The impact of alcohol is unique to the individual, their body type, genetics, how much they drink, how long they’ve been drinking, and how frequently. However, for many people who have successfully weaned off alcohol, there’s usually a clear difference in mood, emotional regulation, and mental health after about a month.
Some people will feel effects before then. Some may see an improvement after a week, but for heavy drinkers, a month is usual.
It also takes around a month to truly start rewiring the brain with new thoughts and behaviours. It takes work, addiction treatment, which introduces healthy coping mechanisms and tools, and an absence of alcohol to start to alter the alcohol user’s mind and mental health.
Benefits of Quitting Alcohol on Mental Health
There are a huge number of mental health benefits to be gained from quitting alcohol. Though it might feel difficult to notice these at the beginning of the recovery journey, with time, the effects are clear.
1. Cognitive Benefits of Quitting Alcohol
Those who quit alcohol usually experience an improvement in cognitive functioning. This might look like feeling “clearer in the mind” (i.e., less foggy, more organized), being able to focus more easily, having the capacity to get things done (i.e., chores, admin, etc.), memory will improve, and for some, it might mean balance and coordination return, and speech improves.
2. How Sleep Changes without Drink
Drinking alcohol impacts how people sleep. It causes sleep disruption as well as altering how people go through the sleep cycles (which impacts how well people recover from daily exertion at night). As well as this, drinking before bed means the body has to metabolise sugar content during the night, which can cause spikes in temperature, leading to wakefulness.
When people cut out alcohol, it might feel harder to get to sleep during the initial adjustment period, but the quality of sleep is much better.

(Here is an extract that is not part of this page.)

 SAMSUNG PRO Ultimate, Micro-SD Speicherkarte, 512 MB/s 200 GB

Thereafter, the associated health benefits (i.e. ability of sleep to support the healing process when unwell) increase.
Due to improved sleep, people also experience higher energy levels and don’t wake to a hangover. All of these effects lead to improved mood.
3. Quitting Alcohol Improves Health Outcomes
Alcohol use reduces the body’s ability to absorb essential vitamins and nutrients such as thiamine, B12, and magnesium. This impacts people mentally as well as physically. It may be clear that a reduction in nutrients causes weakness in the body, fatigue, and bad skin, but it also causes mental health symptoms such as anxiety and depression.

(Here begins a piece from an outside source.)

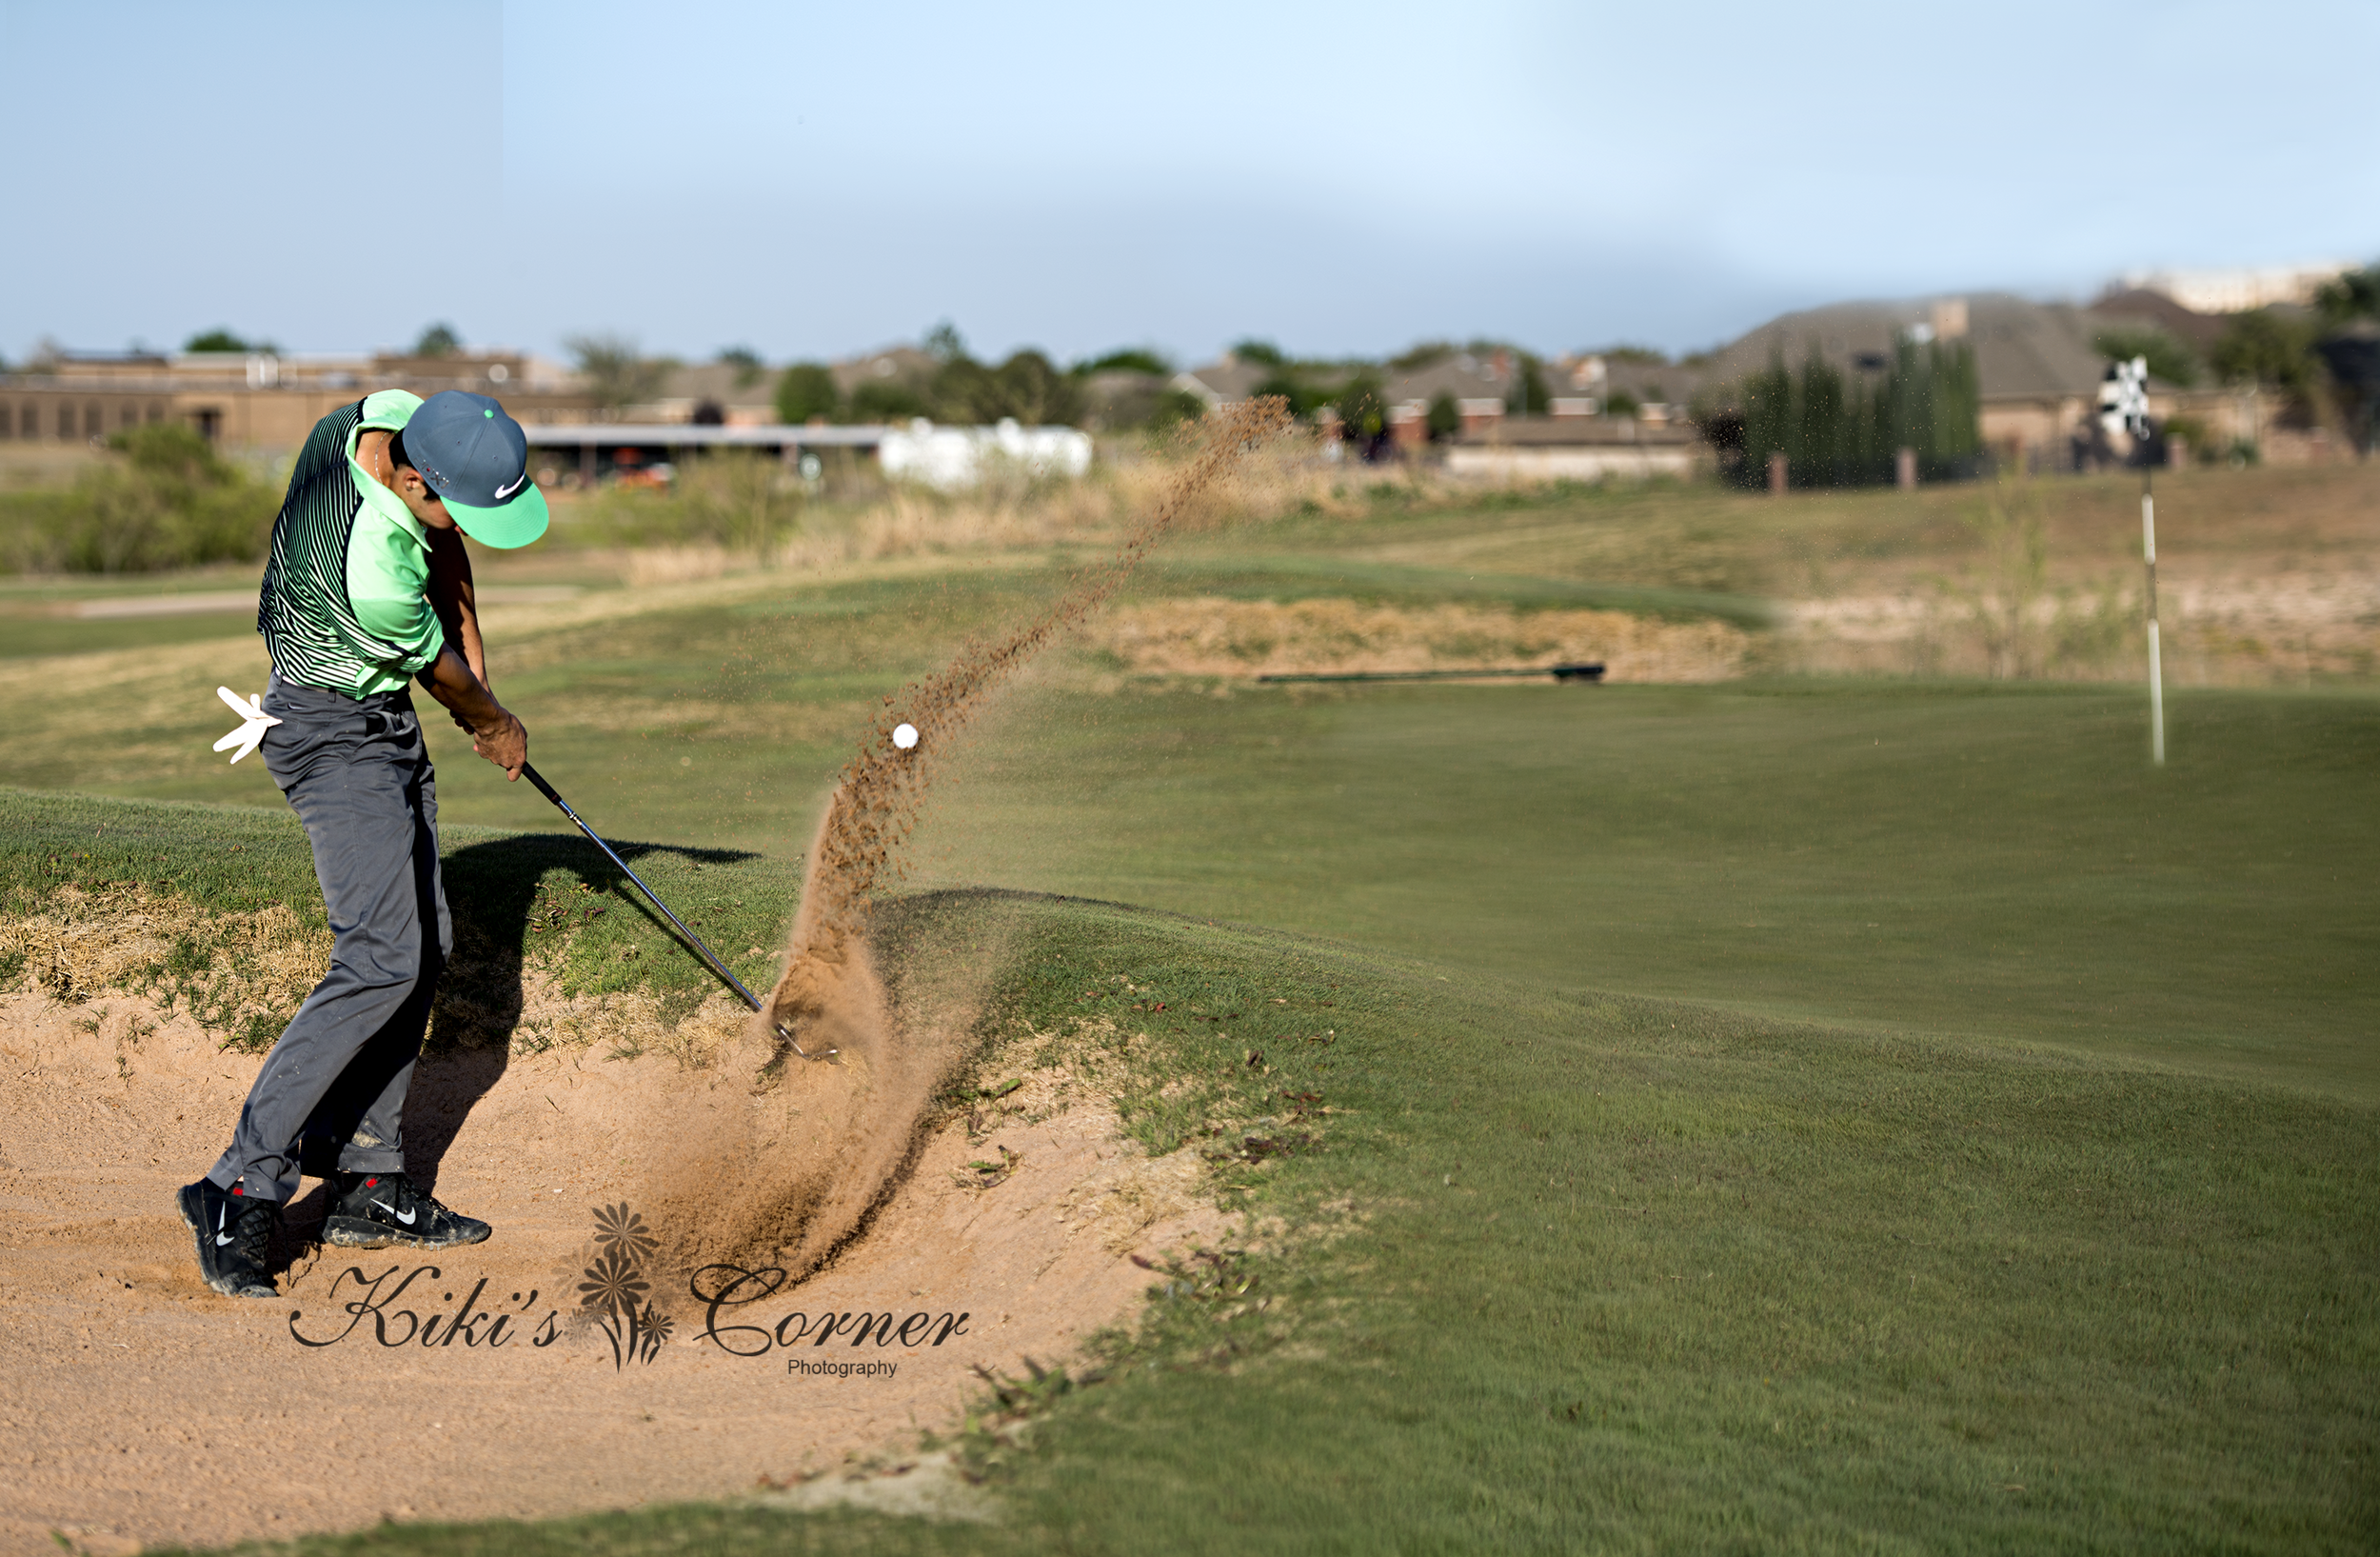 golfing, senior guy golfing, sand trap, awesome sand motion, golf magazine cover

When quitting, with a little time, and in necessary cases, clinically supervised nutrient supplementation, both physical and mental health improve.
4. Increase in Healthy Lifestyle Activities
People often cite boredom as one of the main reasons they drink. As people cut out alcohol, they tend to fill their lives with healthier activities as a coping mechanism to focus on sobriety and bring meaning and purpose to life.
Taking part in exercise, arty activities, self-care hobbies, etc, that make people feel good, helps to improve mental health in a sustainable way. It’s this part of a sober life that makes it sustainable. People learn how to experience pleasure in wholesome things that cause a natural high.
5. The Importance of Human Connection, Mental Health, and Recovery
One of the most valuable tools in addressing alcoholism is human connection. When a person’s able to open up honestly in a non-judgemental relationship where they’re held accountable, great progress can be made.
Through connection to sober members of family, friends, peer groups, and within communities, people find value and a drive to develop healthier lifestyles. Human connection reduces the isolation and despair often linked to uncontrolled drinking habits.
As people deepen meaningful relationships, mental health feels easier to navigate, and there are more coping tools to use connected to social networks.
Shining a Light on the Positives
It’s important to shine a light on the positive aspects of reducing alcohol use. Through open dialogue with others, focusing on the healthy aspects of recovery helps to forge optimistic paths for mental health and addiction outcomes in the future.